BEGIN

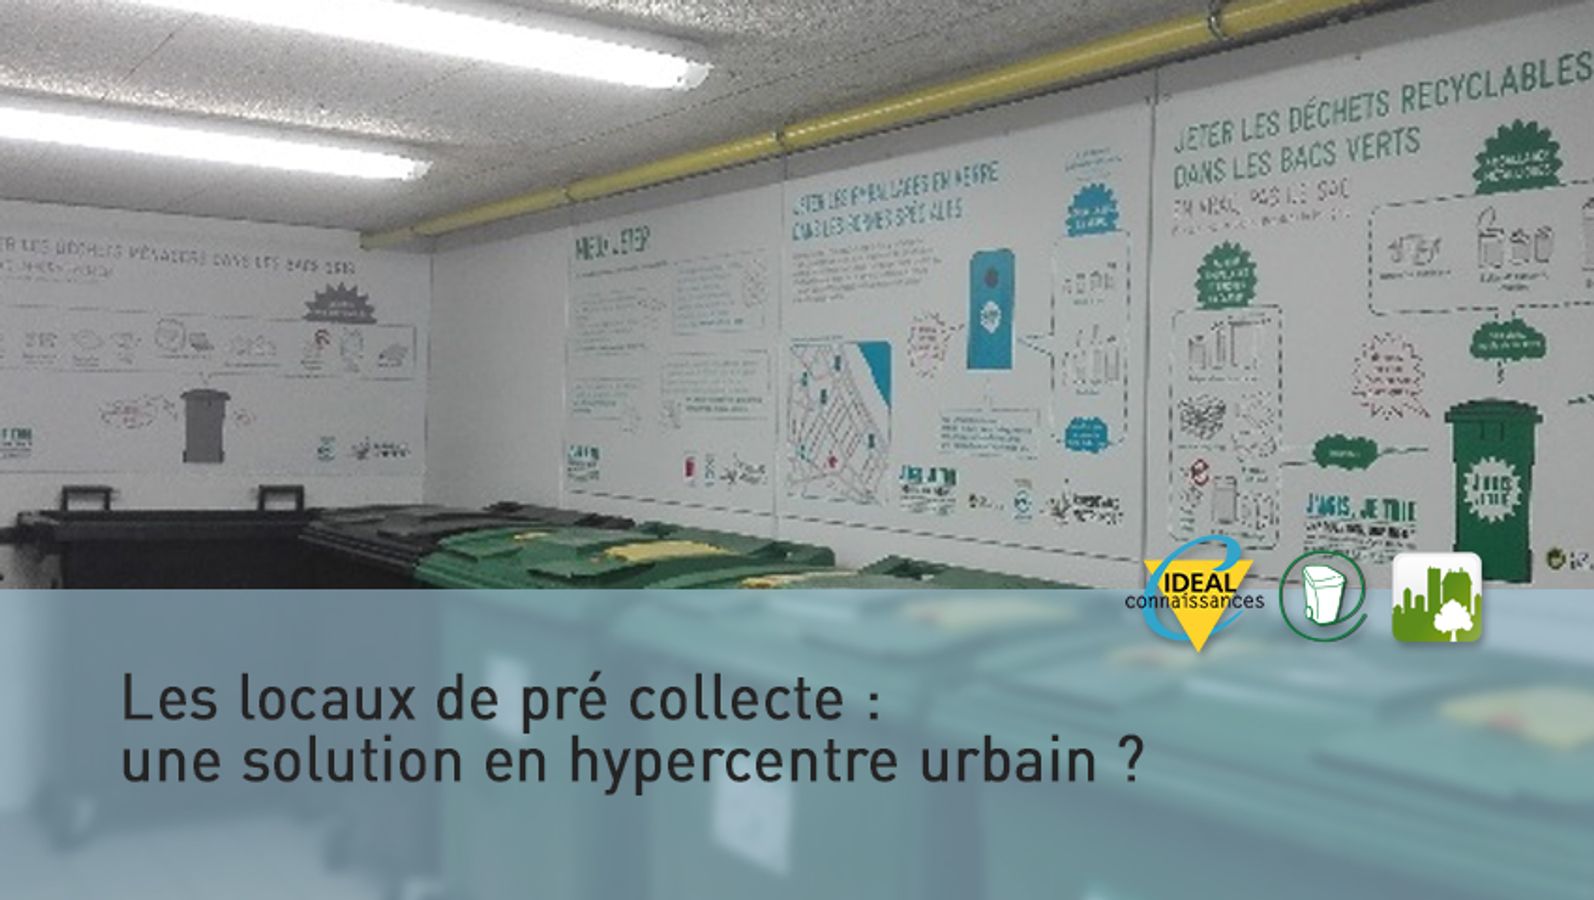 Les locaux de pré collecte : une solution en hypercentre urbain ?
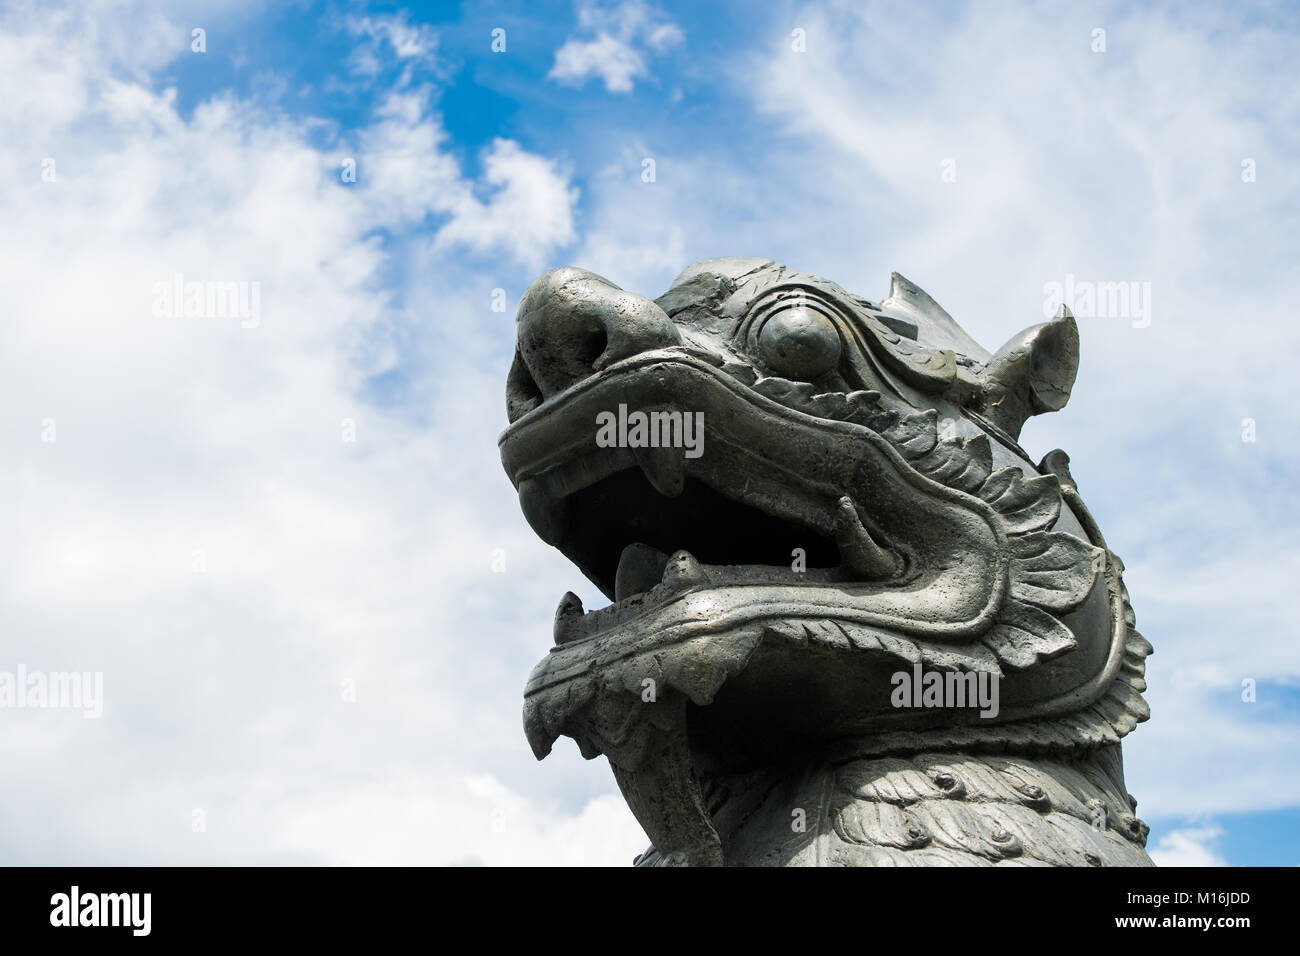 Gesicht und Zähne des Asiatischen Löwen Statue leogryph chinthe Metall grau an der Basis der Burma Independence Monument Obelisken, Yangon, Myanmar, Birma, Se Asien Stockfoto
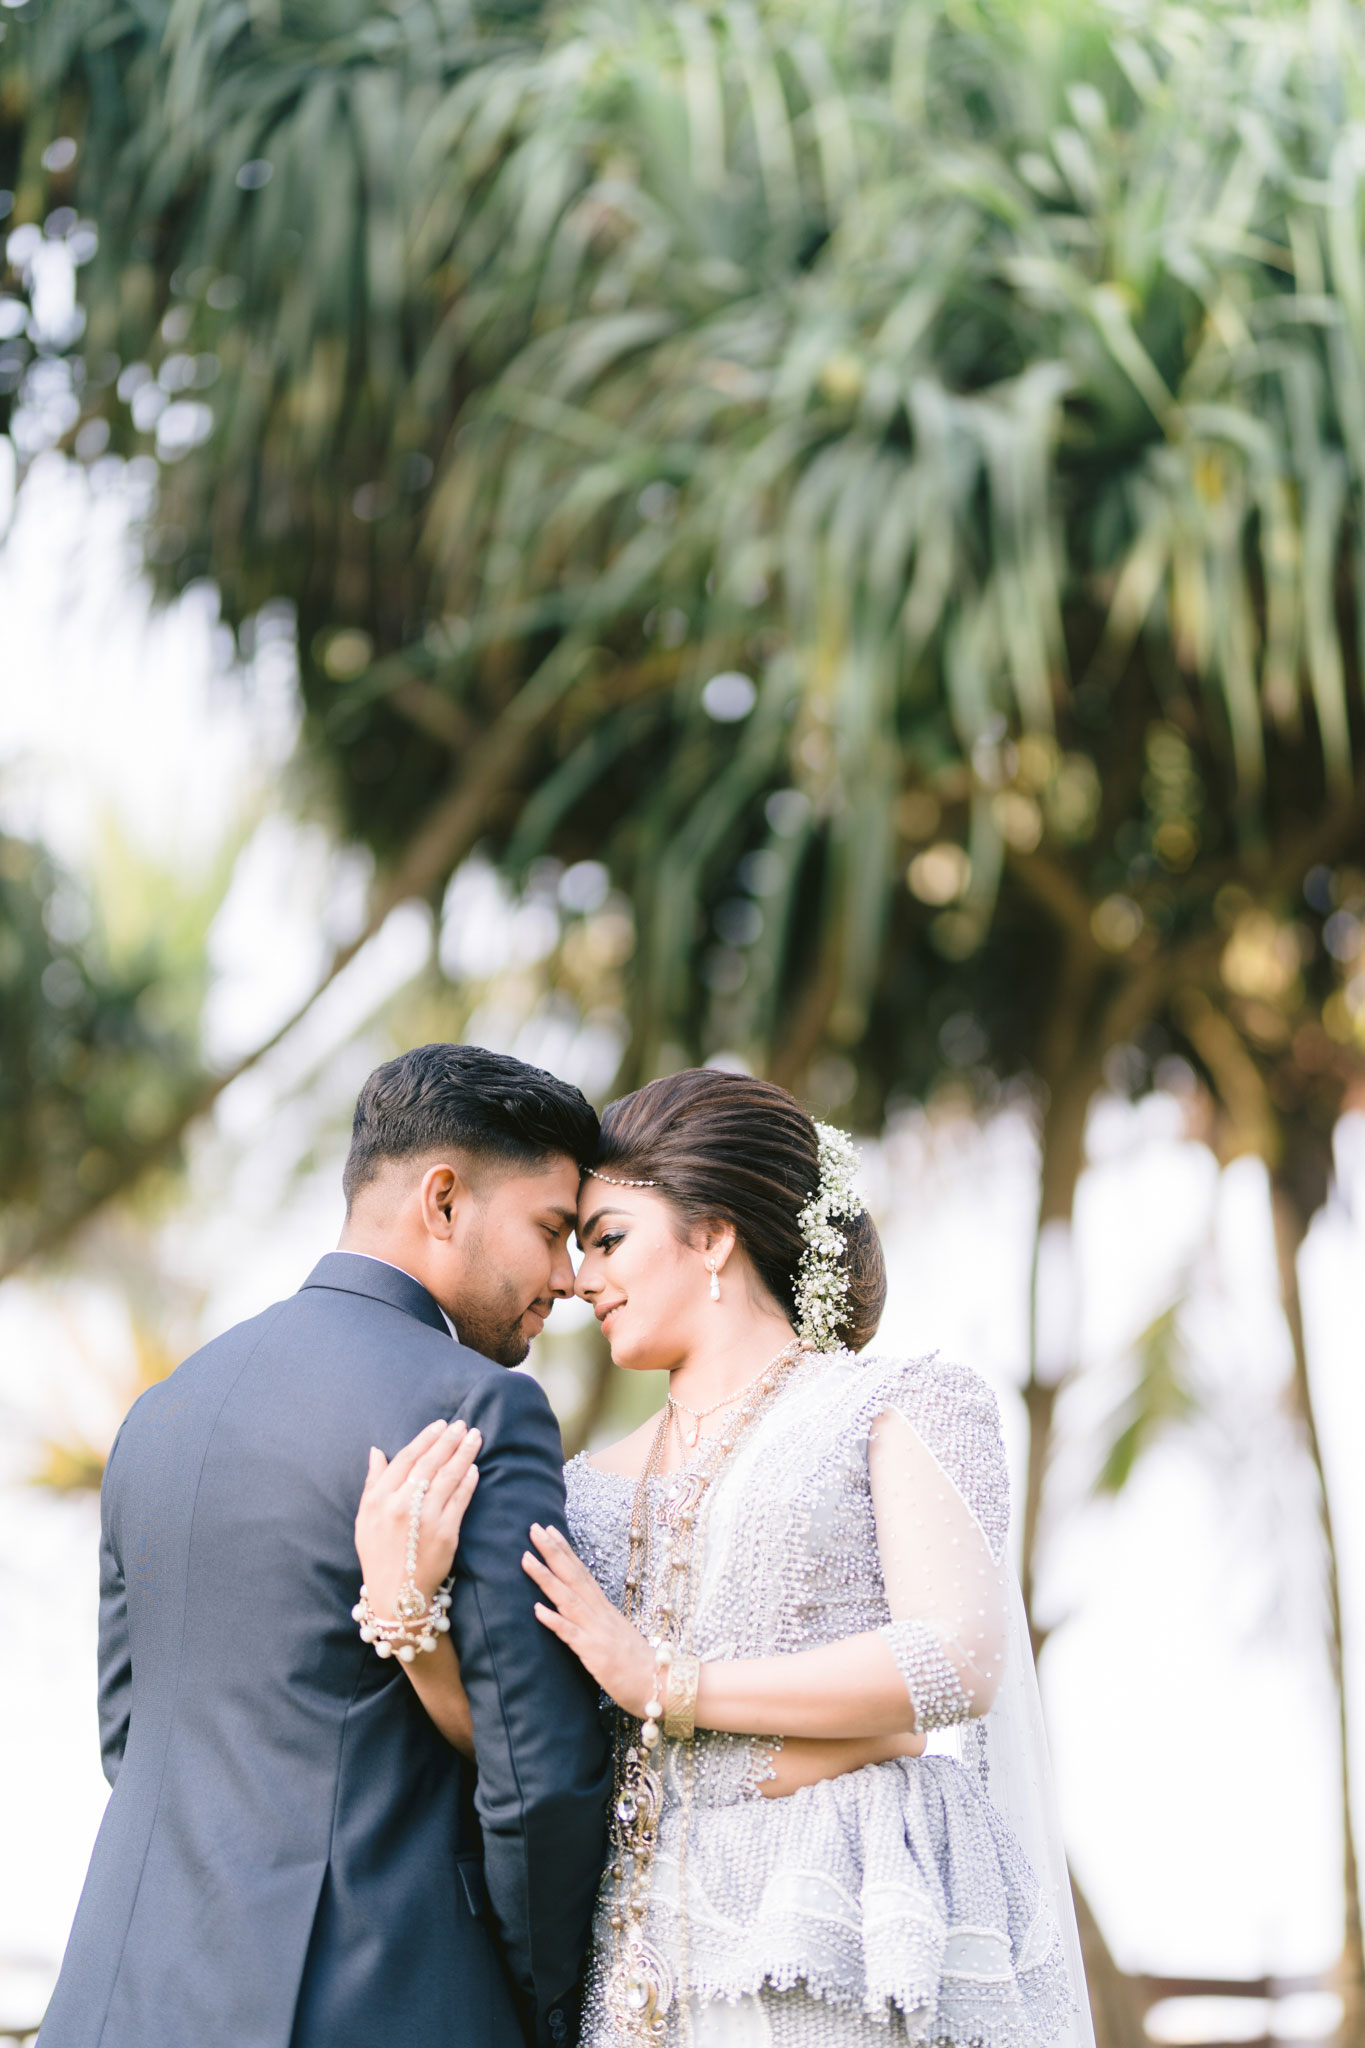 Dilusha & Udara - Prabath Kanishka Wedding Photography

END

Try it:
Could you restate the material word for word, omitting the pictures?

Result of this task:
 Les locaux de pré collecte : une solution en hypercentre urbain ?
 Gesicht und Zähne des Asiatischen Löwen Statue leogryph chinthe Metall grau an der Basis der Burma Independence Monument Obelisken, Yangon, Myanmar, Birma, Se Asien Stockfoto
 Dilusha & Udara - Prabath Kanishka Wedding Photography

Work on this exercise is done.